In another preferred embodiment, the phleginyheatclear is composed of scutellaria baicalensis, bear gall powder, cornu gorais, honeysuckle flowers and fructus forsythia.

In another preferred embodiment, the drug further comprises pharmaceutically acceptable excipients.

In another preferred embodiment, a dosage form of the drug is an oral dosage form or a non-oral dosage form.

In another preferred embodiment, the oral dosage form comprises tablet, powder, granule, capsule, emulsion, syrup or spray.

In another preferred embodiment, the non-oral dosage form is an injection.

The present invention studies the effect of phlegmyheatclear on model of rats with acute exacerbation of chronic obstructive pulmonary disease. Results show that high dose, middle dose, or low dose of phlegmyheatclear can, during the acute exacerbation of chronic obstructive pulmonary disease, improve the lung function of the rats and the pathological damage of lung tissues of the rats in different degrees, and it is dose dependent. High dose, middle dose, or low dose can improve inflammatory reaction in different degrees. For the drug effects, the high dose and the middle dose of phlegmyheatclear are better than the low dose of phlegmyheatclear.

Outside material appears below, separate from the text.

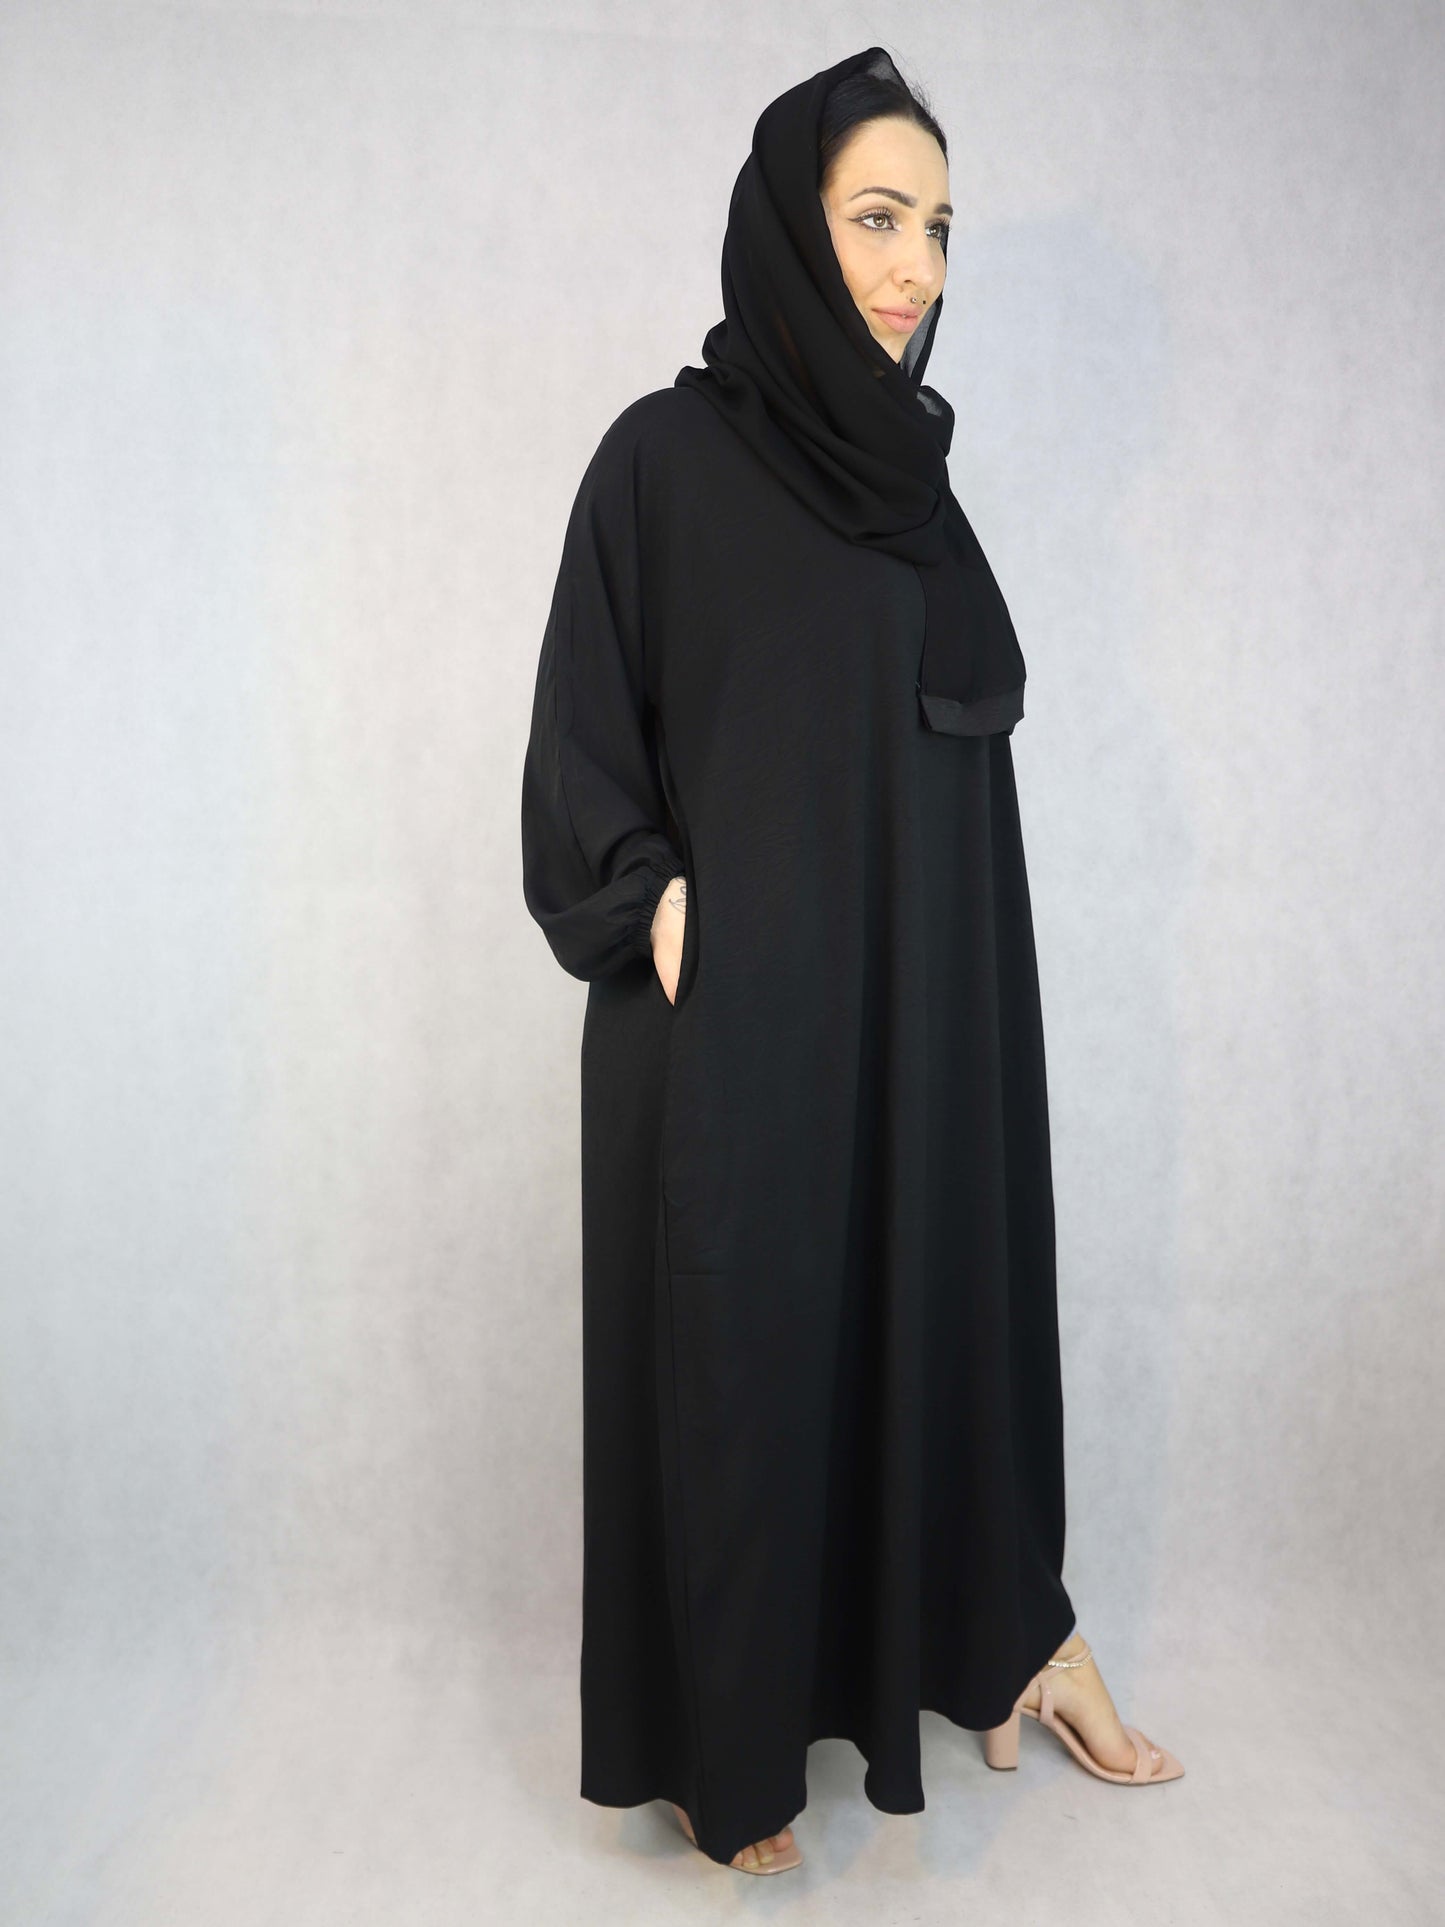 Marble Effect Black Colour Abaya Modest Dress.

Therefore, phlegmyheatclear can be used to prepare a drug for treatment of acute exacerbation of chronic obstructive pulmonary disease.

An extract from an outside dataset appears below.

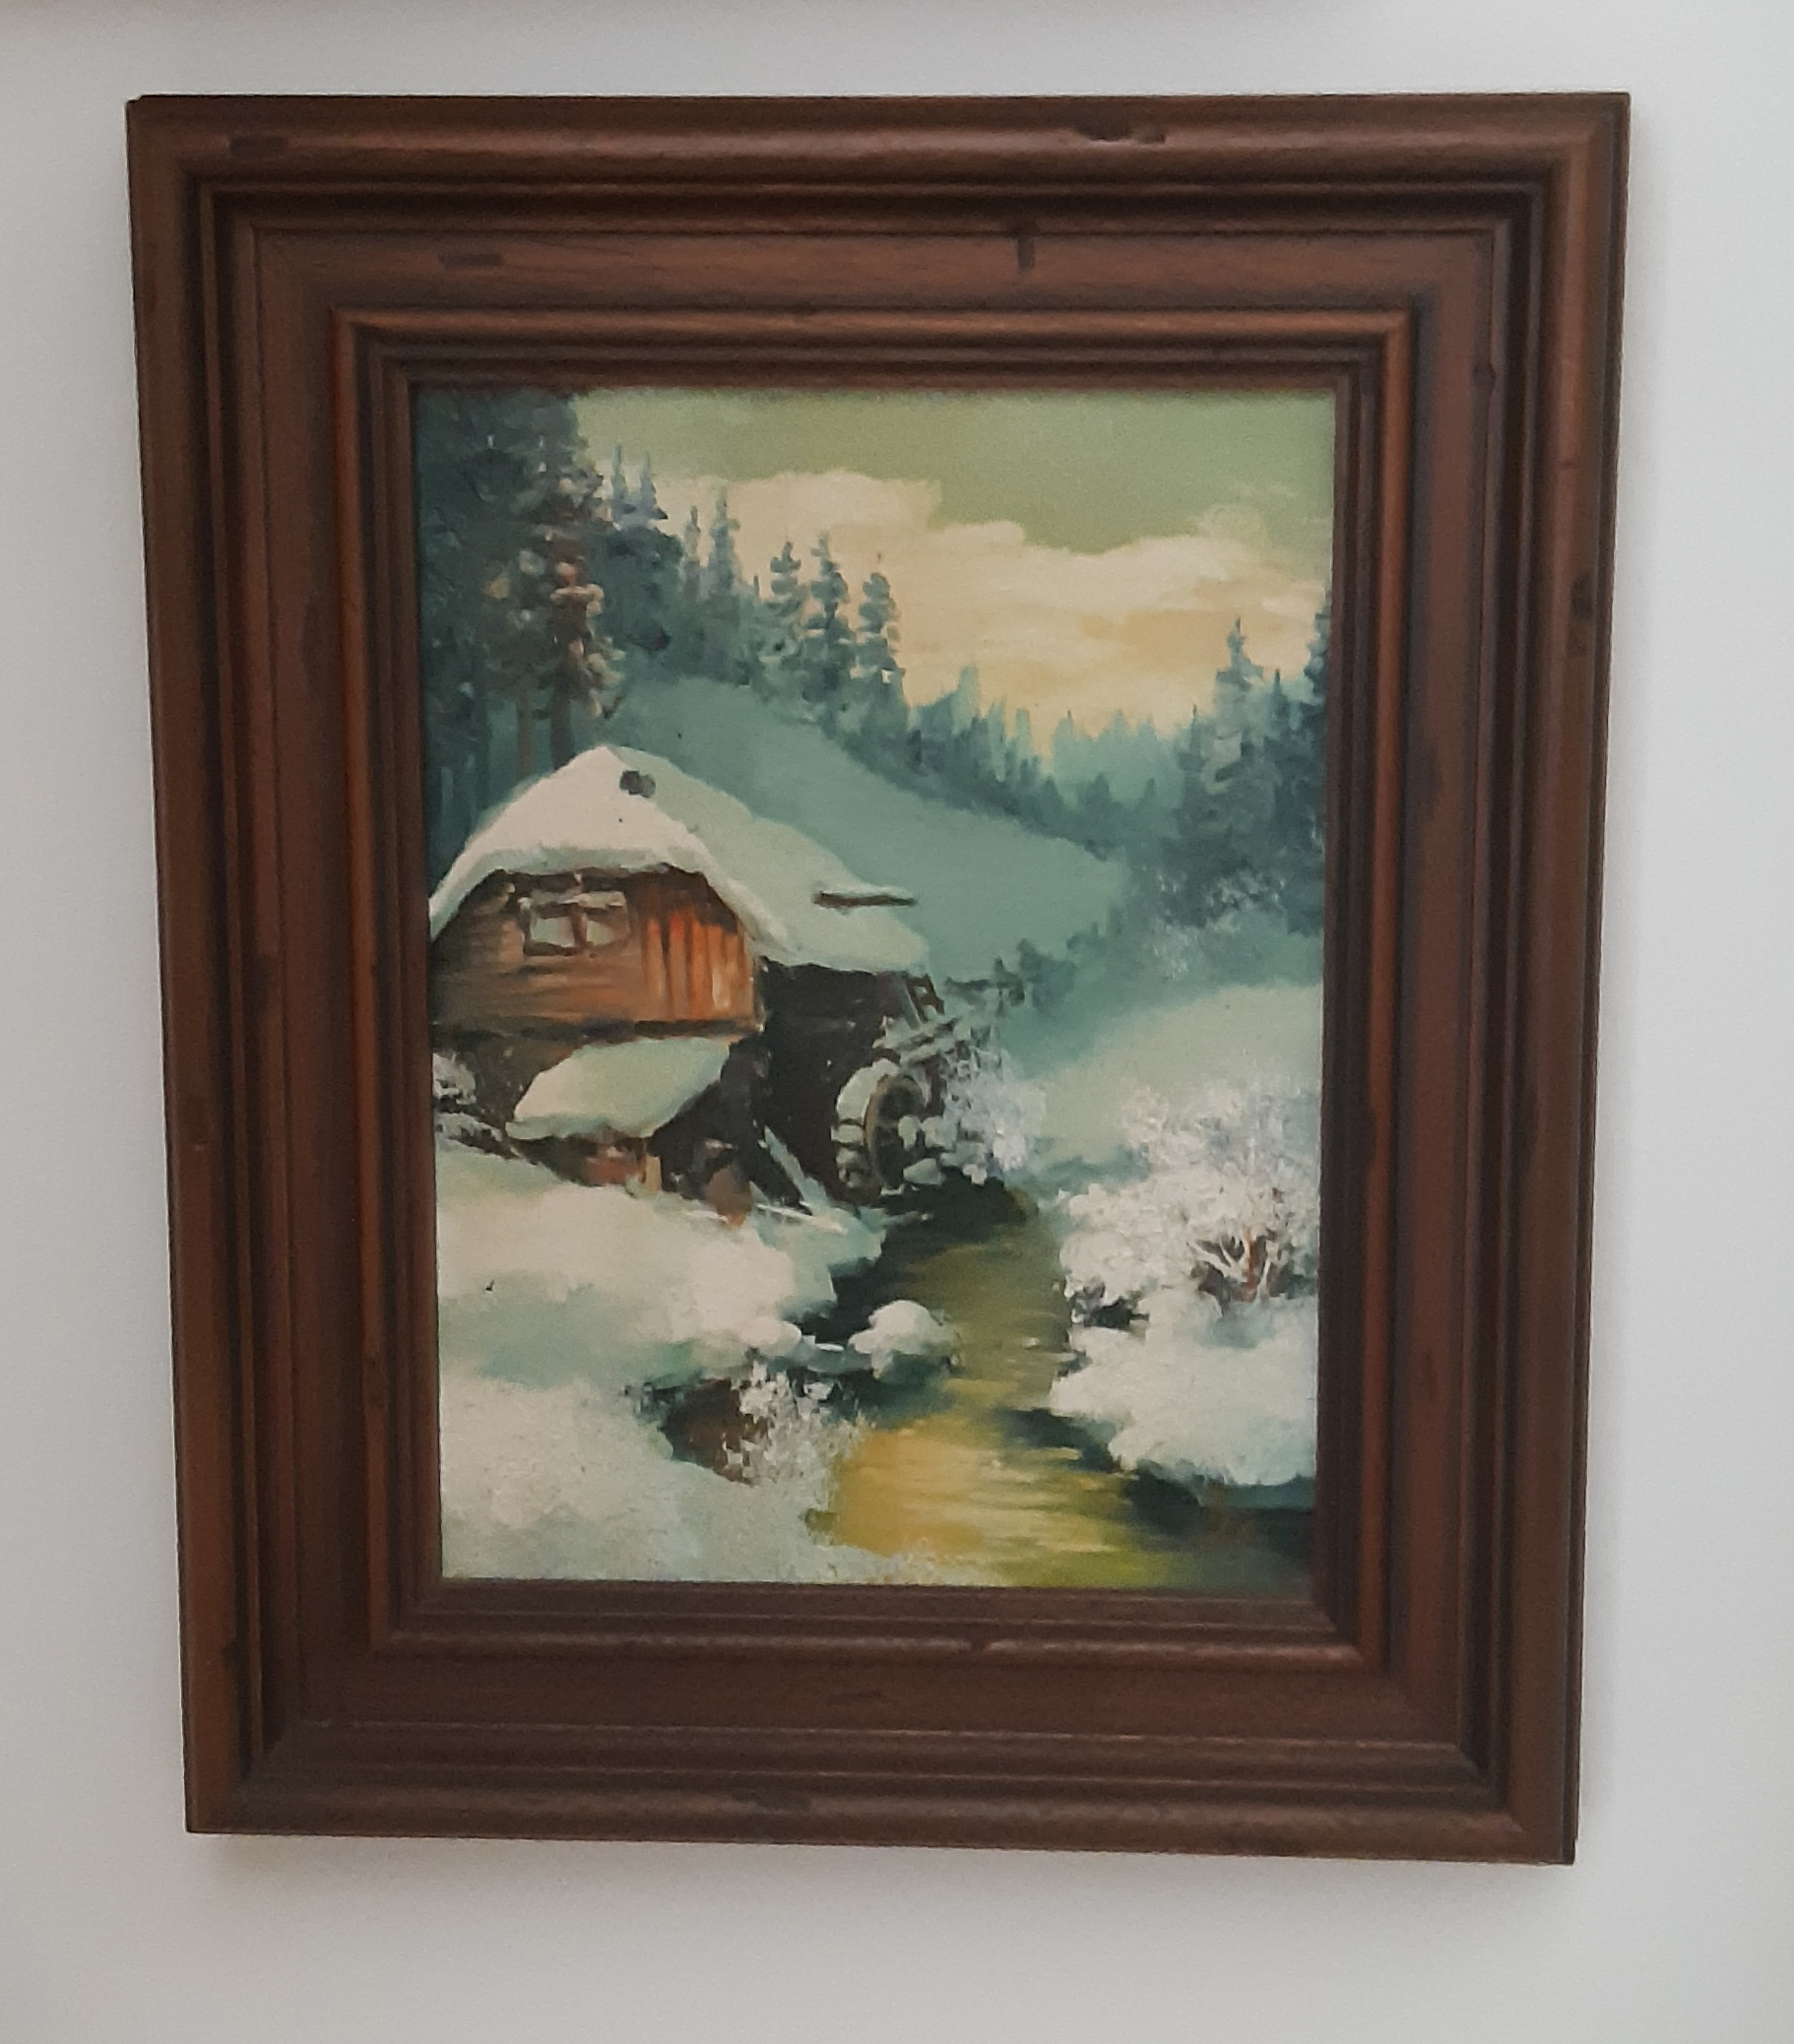 Painting 4 Seasons

BRIEF DESCRIPTION OF THE DRAWINGS

FIG. 1 shows electron micrographs of HE staining of lung tissues (left) and bronchus (right) in a blank control group;

FIG. 2 shows electron micrographs of HE staining of lung tissues (left) and bronchus (right) in a model control group;

FIG. 3 shows electron micrographs of HE staining of lung tissues (left) and bronchus (right) in a high dose of phlegmyheatclear group;

FIG. 4 shows electron micrographs of HE staining of lung tissues (left) and bronchus (right) in a middle dose of phlegmyheatclear group;

FIG. 5 shows electron micrographs of HE staining of lung tissues (left) and bronchus (right) in a low dose of phlegmyheatclear group; and

FIG. 6 shows electron micrographs of HE staining of lung tissues (left) and bronchus (right) in a Dexamethasone group.

DETAILED DESCRIPTION

The present invention will now be described more fully hereinafter with reference to the accompanying drawings, in which exemplary embodiments of the invention are shown. However, the invention should not be construed as limited to the embodiments set forth herein.

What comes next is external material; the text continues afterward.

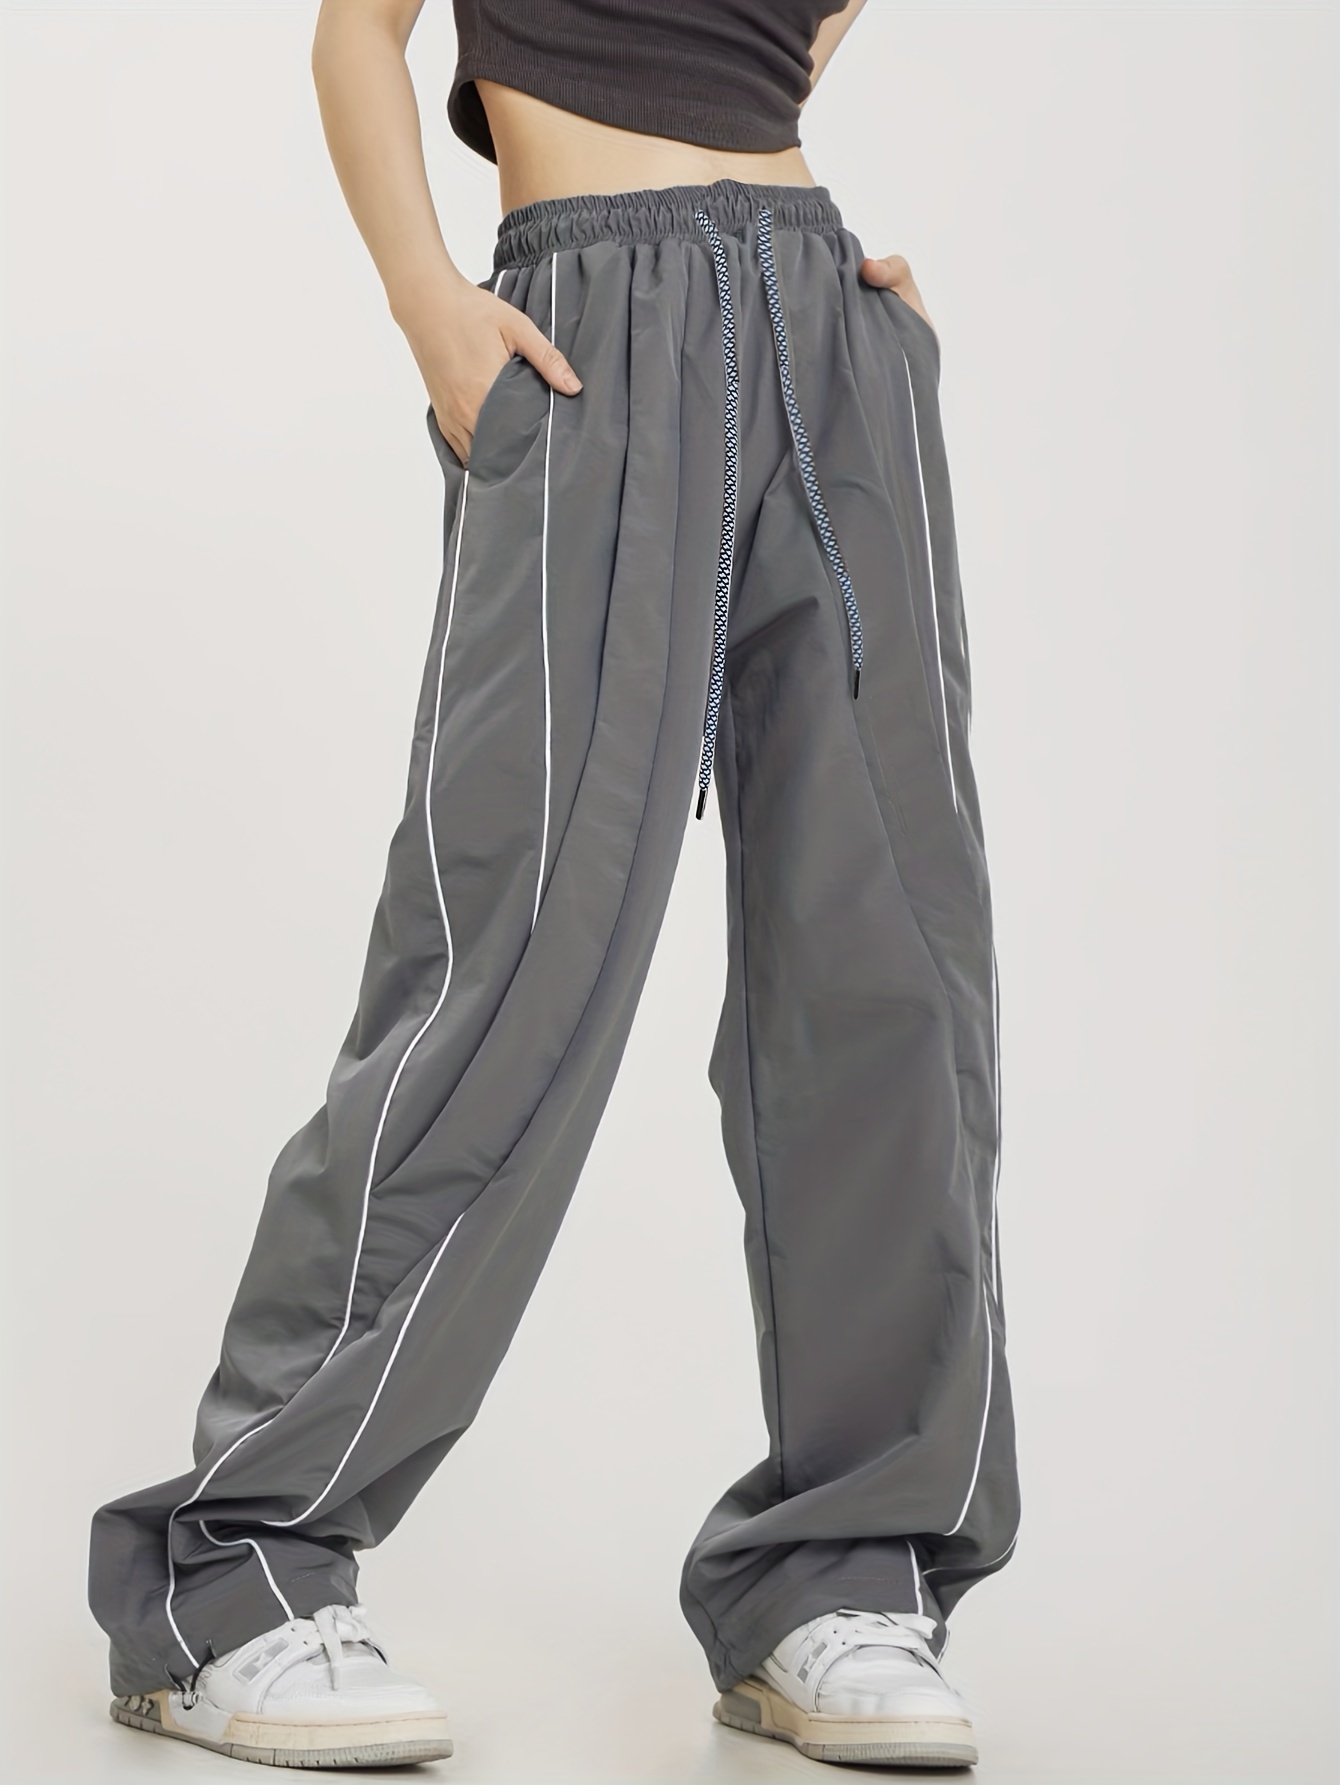 ZARKL Women's Pants High-Rise Slant Pocket Tapered Pants Pant for

This embodiment provides effects of phlegmyheatclear on model of rats with acute exacerbation of chronic obstructive pulmonary disease.

1. Experimental Materials

1.1 Phlegmyheatclear Capsule

Manufacture: Shanghai Kai Bao Pharmaceutical Co., Ltd. (Shanghai, China); batch number: 1911102 Ingredients: scutellaria baicalensis, bear gall powder, cornu gorais, honeysuckle flowers and fructus forsythia.

Clinical dosage for human: 0.06 g per 60 body weight per day

Equivalent dosage for rats, as calculated by body shape coefficient:

D rat=D human*(HI rat/HI human)(W rat/W human)2/3

D rat=D human*6.3=0.06 g/kg/d*6.3=0.38 g/kg/d

1.1.2 Dexamethasone Tablets

Specifications: 100 tablets with each tablet contains 0.75 mg of dexamethasone; batch number: 191067; Manufacture: Zhejiang Xianju Pharmaceutical Co., Ltd. (Zhejiang, China). Before use, take 6 tablets (total 0.6 g) and 50 ml of purified water to prepare a suspension at a final concentration of 0.012 g/ml.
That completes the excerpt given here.